Le Grand Conseil exhorte le gouvernement de redonner la priorité aux acteurs économiques «locaux ou régionaux». «Avec de la volonté, il y a certainement moyen de trouver des arrangements pour fixer de nouveaux seuils.» Joël Gaillard n’en démord pas: le canton du Valais doit revoir l’ordonnance sur les marchés publics de 2003 pour permettre aux adjudicataires – les Municipalités ou associations de communes – de pouvoir «donner la priorité aux acteurs économiques locaux et régionaux». Et ceci sans passer par une dénonciation de la convention, démarche qui impliquerait que notre canton fasse cavalier seul à l’avenir. Pour Joël Gaillard, cette façon de procéder ne ferait que conduire le Valais dans une autre impasse. «Mais ne rien faire est inimaginable pour la grande majorité du Grand Conseil.»
Le gouvernement minoré
Le député démocrate-chrétien n’est en effet de loin pas le seul à appeler de ses voeux des mesures protectionnistes. Par 86 voix contre 29, le Parlement valaisan a ainsi choisi la semaine dernière de soutenir sa motion plutôt que la contre-proposition plus sage défendue par le conseiller d’Etat Jean-Michel Cina. Le chef du Département de l’économie estimait que le Valais a déjà utilisé toute la marge laissée aux compétences du canton. «Pour pouvoir augmenter cette marge, il faut discuter avec les autres cantons. Mais il n’est pas possible d’imaginer que le Valais va sortir seul de l’accord intercantonal sur les marchés publics.» Jean-Michel Cina a promis devant le Parlement que le Conseil d’Etat allait entreprendre une révision de la législation cantonale sur les marchés publics «et proposer de relever les seuils jusqu’aux valeurs maximales possibles fixées dans l’accord intercantonal». Soit jusqu’à 100 000 francs pour la procédure de gré à gré; jusqu’à 150 000 francs pour les marchés de services et de construction de second oeuvre et jusqu’à 300 000 francs pour les marchés de construction du gros oeuvre.
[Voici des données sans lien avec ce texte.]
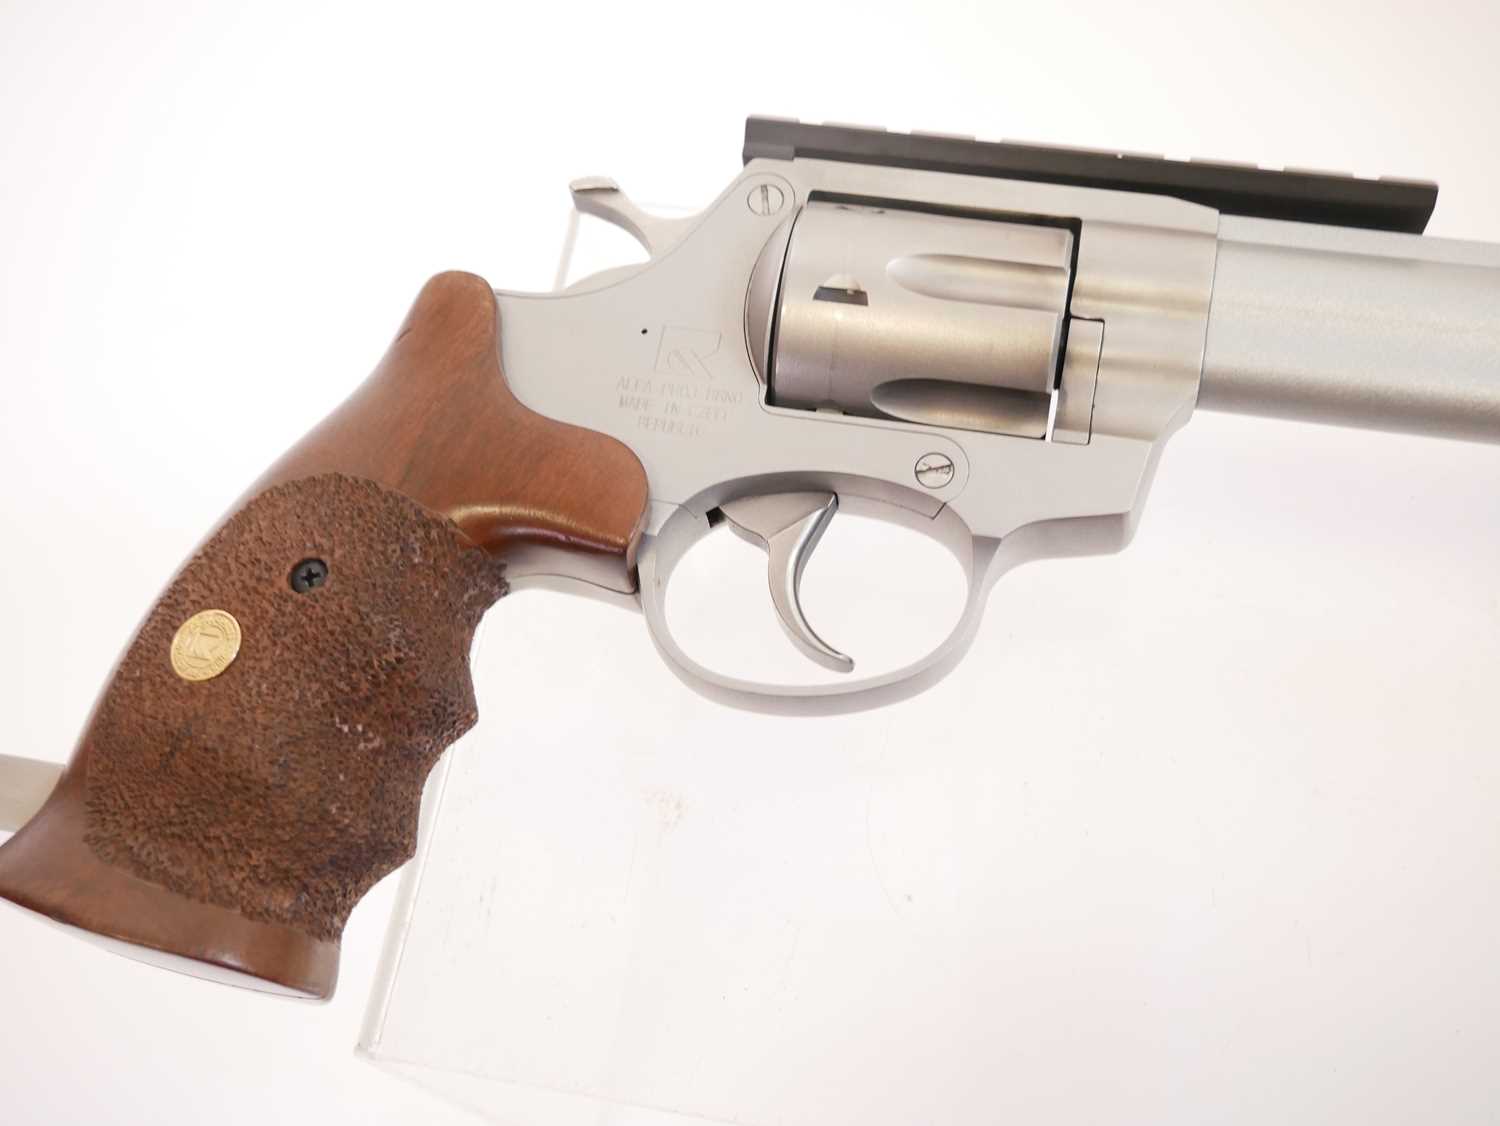 Alfa Brno .357 long barrel revolver, serial number 7351200627, 12 inch barrel, fitted with Picatinny - Image 2 of 13

Insuffisant cependant aux yeux de Joël Gaillard et d’une large frange du Grand Conseil. Le député d’Orsières reconnaît certes que le Conseil d’Etat a utilisé au maximum la marge de manoeuvre que lui laissait encore l’accord intercantonal. «Mais cette marge, il ne l’avait que pour les procédures de gré à gré. Je regrette que suite à ce que j’avais développé il n’ait pas abordé une remise en question de cet accord sur les seuils pour les procédures sur invitations et les procédures ouvertes. C’est spécialement sur ces dernières que le bât blesse au niveau des métiers de la construction.»
A rebours du bon sens
Dans sa motion, Joël Gaillard dénonce ainsi un système à rebours du bon sens. «Cette législation n’est pas adaptée aux montants en jeu, à la géographie et au tissu économique de notre canton très dispersé et essentiellement composé de PME.» L’élu démocrate-chrétien regrette ainsi que le niveau des seuils et les critères d’adjudication actuels posent problème au niveau des distances à parcourir – avec les effets négatifs que cela implique sur l’environnement – ainsi qu’au niveau du retour sur investissement que sont en droit d’attendre les contribuables.
Pour Joël Gaillard, le seul moyen de sortir de cette impasse juridique et d’essayer d’apporter du bon sens et de la cohérence est de prendre contact – dans les meilleurs délais – avec les autorités d’autres cantons, spécialement romands, qui sont confrontées aux mêmes «aberrations économiques».